§ **EXTRACTED RECORDS**
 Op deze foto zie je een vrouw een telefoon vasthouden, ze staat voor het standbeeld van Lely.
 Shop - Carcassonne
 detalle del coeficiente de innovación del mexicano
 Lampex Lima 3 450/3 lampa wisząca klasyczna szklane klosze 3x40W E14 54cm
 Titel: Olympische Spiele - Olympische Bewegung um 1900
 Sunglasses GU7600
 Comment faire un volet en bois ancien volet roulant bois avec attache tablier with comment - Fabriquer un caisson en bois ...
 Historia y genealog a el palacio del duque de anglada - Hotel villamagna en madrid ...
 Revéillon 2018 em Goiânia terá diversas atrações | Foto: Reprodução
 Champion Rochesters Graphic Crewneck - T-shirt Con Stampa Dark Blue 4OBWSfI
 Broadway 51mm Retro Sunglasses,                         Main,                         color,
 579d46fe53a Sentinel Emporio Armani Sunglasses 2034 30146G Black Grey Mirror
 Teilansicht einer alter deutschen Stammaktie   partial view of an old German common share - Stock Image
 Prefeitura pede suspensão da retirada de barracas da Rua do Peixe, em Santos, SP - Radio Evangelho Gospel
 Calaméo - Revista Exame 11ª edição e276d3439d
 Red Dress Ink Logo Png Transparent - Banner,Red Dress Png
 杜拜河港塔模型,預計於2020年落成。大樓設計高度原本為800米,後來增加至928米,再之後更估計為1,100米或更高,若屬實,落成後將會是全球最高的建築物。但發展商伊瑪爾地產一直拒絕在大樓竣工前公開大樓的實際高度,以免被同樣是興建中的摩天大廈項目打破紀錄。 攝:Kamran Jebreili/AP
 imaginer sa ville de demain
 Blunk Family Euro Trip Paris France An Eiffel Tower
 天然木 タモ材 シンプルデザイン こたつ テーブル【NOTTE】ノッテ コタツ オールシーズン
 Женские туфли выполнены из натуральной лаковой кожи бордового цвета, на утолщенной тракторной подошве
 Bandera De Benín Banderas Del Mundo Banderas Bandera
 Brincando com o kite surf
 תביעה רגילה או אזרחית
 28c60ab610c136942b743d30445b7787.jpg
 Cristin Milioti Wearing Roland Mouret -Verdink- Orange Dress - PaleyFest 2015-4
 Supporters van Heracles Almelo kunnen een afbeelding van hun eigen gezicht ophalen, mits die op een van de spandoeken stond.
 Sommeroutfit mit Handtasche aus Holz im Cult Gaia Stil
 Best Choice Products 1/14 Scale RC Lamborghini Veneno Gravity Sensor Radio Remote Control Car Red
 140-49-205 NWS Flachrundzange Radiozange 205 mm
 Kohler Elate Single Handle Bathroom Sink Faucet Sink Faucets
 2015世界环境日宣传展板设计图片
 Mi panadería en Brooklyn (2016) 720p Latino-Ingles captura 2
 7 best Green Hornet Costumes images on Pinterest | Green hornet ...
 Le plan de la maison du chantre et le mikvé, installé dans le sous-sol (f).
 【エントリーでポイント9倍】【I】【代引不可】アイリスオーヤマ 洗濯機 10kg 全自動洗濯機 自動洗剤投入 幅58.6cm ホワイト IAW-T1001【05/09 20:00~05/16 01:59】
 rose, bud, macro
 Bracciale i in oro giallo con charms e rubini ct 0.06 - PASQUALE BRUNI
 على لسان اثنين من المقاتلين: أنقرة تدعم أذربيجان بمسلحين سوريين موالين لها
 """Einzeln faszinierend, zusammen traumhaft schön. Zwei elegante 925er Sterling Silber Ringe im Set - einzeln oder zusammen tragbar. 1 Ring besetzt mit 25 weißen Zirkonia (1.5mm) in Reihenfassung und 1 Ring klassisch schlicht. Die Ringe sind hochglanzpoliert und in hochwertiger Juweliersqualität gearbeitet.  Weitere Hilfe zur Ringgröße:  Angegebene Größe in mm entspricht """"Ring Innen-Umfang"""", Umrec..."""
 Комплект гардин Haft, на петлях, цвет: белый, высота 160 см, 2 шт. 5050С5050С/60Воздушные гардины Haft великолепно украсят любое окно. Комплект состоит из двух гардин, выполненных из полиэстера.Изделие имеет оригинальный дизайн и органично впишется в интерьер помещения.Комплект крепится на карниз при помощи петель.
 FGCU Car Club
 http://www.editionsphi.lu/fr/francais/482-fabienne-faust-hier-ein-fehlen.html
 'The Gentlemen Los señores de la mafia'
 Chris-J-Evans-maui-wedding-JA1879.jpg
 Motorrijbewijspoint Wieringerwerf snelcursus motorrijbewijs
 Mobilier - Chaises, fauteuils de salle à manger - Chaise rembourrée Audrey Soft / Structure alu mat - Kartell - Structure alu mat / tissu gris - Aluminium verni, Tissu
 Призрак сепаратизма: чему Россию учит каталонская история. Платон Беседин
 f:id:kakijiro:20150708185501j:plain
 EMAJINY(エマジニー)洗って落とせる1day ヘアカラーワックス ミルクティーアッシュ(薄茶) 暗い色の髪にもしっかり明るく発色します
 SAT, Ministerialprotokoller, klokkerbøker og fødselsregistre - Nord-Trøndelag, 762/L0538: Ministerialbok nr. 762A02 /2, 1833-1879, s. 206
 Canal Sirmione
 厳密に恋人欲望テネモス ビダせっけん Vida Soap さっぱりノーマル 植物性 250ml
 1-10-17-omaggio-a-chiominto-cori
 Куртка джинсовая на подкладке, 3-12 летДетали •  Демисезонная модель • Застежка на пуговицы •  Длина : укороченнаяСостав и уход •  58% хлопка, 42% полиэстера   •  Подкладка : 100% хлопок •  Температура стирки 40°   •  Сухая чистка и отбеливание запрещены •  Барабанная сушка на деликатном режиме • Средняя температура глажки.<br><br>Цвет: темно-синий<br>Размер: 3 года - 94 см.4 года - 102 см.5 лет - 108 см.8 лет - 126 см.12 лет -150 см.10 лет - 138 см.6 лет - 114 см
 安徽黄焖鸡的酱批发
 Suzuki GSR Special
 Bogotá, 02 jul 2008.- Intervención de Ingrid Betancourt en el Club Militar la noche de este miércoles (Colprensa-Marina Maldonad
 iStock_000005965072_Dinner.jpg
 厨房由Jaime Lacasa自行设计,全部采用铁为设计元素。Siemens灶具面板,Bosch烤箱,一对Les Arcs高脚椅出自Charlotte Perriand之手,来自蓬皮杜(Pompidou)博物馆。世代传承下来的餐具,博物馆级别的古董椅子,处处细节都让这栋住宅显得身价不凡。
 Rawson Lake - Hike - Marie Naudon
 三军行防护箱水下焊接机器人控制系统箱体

§ **WHAT IS NEEDED**
Would you copy the whole listing exactly?

§ **WRITTEN ANSWER**
 Op deze foto zie je een vrouw een telefoon vasthouden, ze staat voor het standbeeld van Lely.
 Shop - Carcassonne
 detalle del coeficiente de innovación del mexicano
 Lampex Lima 3 450/3 lampa wisząca klasyczna szklane klosze 3x40W E14 54cm
 Titel: Olympische Spiele - Olympische Bewegung um 1900
 Sunglasses GU7600
 Comment faire un volet en bois ancien volet roulant bois avec attache tablier with comment - Fabriquer un caisson en bois ...
 Historia y genealog a el palacio del duque de anglada - Hotel villamagna en madrid ...
 Revéillon 2018 em Goiânia terá diversas atrações | Foto: Reprodução
 Champion Rochesters Graphic Crewneck - T-shirt Con Stampa Dark Blue 4OBWSfI
 Broadway 51mm Retro Sunglasses,                         Main,                         color,
 579d46fe53a Sentinel Emporio Armani Sunglasses 2034 30146G Black Grey Mirror
 Teilansicht einer alter deutschen Stammaktie   partial view of an old German common share - Stock Image
 Prefeitura pede suspensão da retirada de barracas da Rua do Peixe, em Santos, SP - Radio Evangelho Gospel
 Calaméo - Revista Exame 11ª edição e276d3439d
 Red Dress Ink Logo Png Transparent - Banner,Red Dress Png
 杜拜河港塔模型,預計於2020年落成。大樓設計高度原本為800米,後來增加至928米,再之後更估計為1,100米或更高,若屬實,落成後將會是全球最高的建築物。但發展商伊瑪爾地產一直拒絕在大樓竣工前公開大樓的實際高度,以免被同樣是興建中的摩天大廈項目打破紀錄。 攝:Kamran Jebreili/AP
 imaginer sa ville de demain
 Blunk Family Euro Trip Paris France An Eiffel Tower
 天然木 タモ材 シンプルデザイン こたつ テーブル【NOTTE】ノッテ コタツ オールシーズン
 Женские туфли выполнены из натуральной лаковой кожи бордового цвета, на утолщенной тракторной подошве
 Bandera De Benín Banderas Del Mundo Banderas Bandera
 Brincando com o kite surf
 תביעה רגילה או אזרחית
 28c60ab610c136942b743d30445b7787.jpg
 Cristin Milioti Wearing Roland Mouret -Verdink- Orange Dress - PaleyFest 2015-4
 Supporters van Heracles Almelo kunnen een afbeelding van hun eigen gezicht ophalen, mits die op een van de spandoeken stond.
 Sommeroutfit mit Handtasche aus Holz im Cult Gaia Stil
 Best Choice Products 1/14 Scale RC Lamborghini Veneno Gravity Sensor Radio Remote Control Car Red
 140-49-205 NWS Flachrundzange Radiozange 205 mm
 Kohler Elate Single Handle Bathroom Sink Faucet Sink Faucets
 2015世界环境日宣传展板设计图片
 Mi panadería en Brooklyn (2016) 720p Latino-Ingles captura 2
 7 best Green Hornet Costumes images on Pinterest | Green hornet ...
 Le plan de la maison du chantre et le mikvé, installé dans le sous-sol (f).
 【エントリーでポイント9倍】【I】【代引不可】アイリスオーヤマ 洗濯機 10kg 全自動洗濯機 自動洗剤投入 幅58.6cm ホワイト IAW-T1001【05/09 20:00~05/16 01:59】
 rose, bud, macro
 Bracciale i in oro giallo con charms e rubini ct 0.06 - PASQUALE BRUNI
 على لسان اثنين من المقاتلين: أنقرة تدعم أذربيجان بمسلحين سوريين موالين لها
 """Einzeln faszinierend, zusammen traumhaft schön. Zwei elegante 925er Sterling Silber Ringe im Set - einzeln oder zusammen tragbar. 1 Ring besetzt mit 25 weißen Zirkonia (1.5mm) in Reihenfassung und 1 Ring klassisch schlicht. Die Ringe sind hochglanzpoliert und in hochwertiger Juweliersqualität gearbeitet.  Weitere Hilfe zur Ringgröße:  Angegebene Größe in mm entspricht """"Ring Innen-Umfang"""", Umrec..."""
 Комплект гардин Haft, на петлях, цвет: белый, высота 160 см, 2 шт. 5050С5050С/60Воздушные гардины Haft великолепно украсят любое окно. Комплект состоит из двух гардин, выполненных из полиэстера.Изделие имеет оригинальный дизайн и органично впишется в интерьер помещения.Комплект крепится на карниз при помощи петель.
 FGCU Car Club
 http://www.editionsphi.lu/fr/francais/482-fabienne-faust-hier-ein-fehlen.html
 'The Gentlemen Los señores de la mafia'
 Chris-J-Evans-maui-wedding-JA1879.jpg
 Motorrijbewijspoint Wieringerwerf snelcursus motorrijbewijs
 Mobilier - Chaises, fauteuils de salle à manger - Chaise rembourrée Audrey Soft / Structure alu mat - Kartell - Structure alu mat / tissu gris - Aluminium verni, Tissu
 Призрак сепаратизма: чему Россию учит каталонская история. Платон Беседин
 f:id:kakijiro:20150708185501j:plain
 EMAJINY(エマジニー)洗って落とせる1day ヘアカラーワックス ミルクティーアッシュ(薄茶) 暗い色の髪にもしっかり明るく発色します
 SAT, Ministerialprotokoller, klokkerbøker og fødselsregistre - Nord-Trøndelag, 762/L0538: Ministerialbok nr. 762A02 /2, 1833-1879, s. 206
 Canal Sirmione
 厳密に恋人欲望テネモス ビダせっけん Vida Soap さっぱりノーマル 植物性 250ml
 1-10-17-omaggio-a-chiominto-cori
 Куртка джинсовая на подкладке, 3-12 летДетали •  Демисезонная модель • Застежка на пуговицы •  Длина : укороченнаяСостав и уход •  58% хлопка, 42% полиэстера   •  Подкладка : 100% хлопок •  Температура стирки 40°   •  Сухая чистка и отбеливание запрещены •  Барабанная сушка на деликатном режиме • Средняя температура глажки.<br><br>Цвет: темно-синий<br>Размер: 3 года - 94 см.4 года - 102 см.5 лет - 108 см.8 лет - 126 см.12 лет -150 см.10 лет - 138 см.6 лет - 114 см
 安徽黄焖鸡的酱批发
 Suzuki GSR Special
 Bogotá, 02 jul 2008.- Intervención de Ingrid Betancourt en el Club Militar la noche de este miércoles (Colprensa-Marina Maldonad
 iStock_000005965072_Dinner.jpg
 厨房由Jaime Lacasa自行设计,全部采用铁为设计元素。Siemens灶具面板,Bosch烤箱,一对Les Arcs高脚椅出自Charlotte Perriand之手,来自蓬皮杜(Pompidou)博物馆。世代传承下来的餐具,博物馆级别的古董椅子,处处细节都让这栋住宅显得身价不凡。
 Rawson Lake - Hike - Marie Naudon
 三军行防护箱水下焊接机器人控制系统箱体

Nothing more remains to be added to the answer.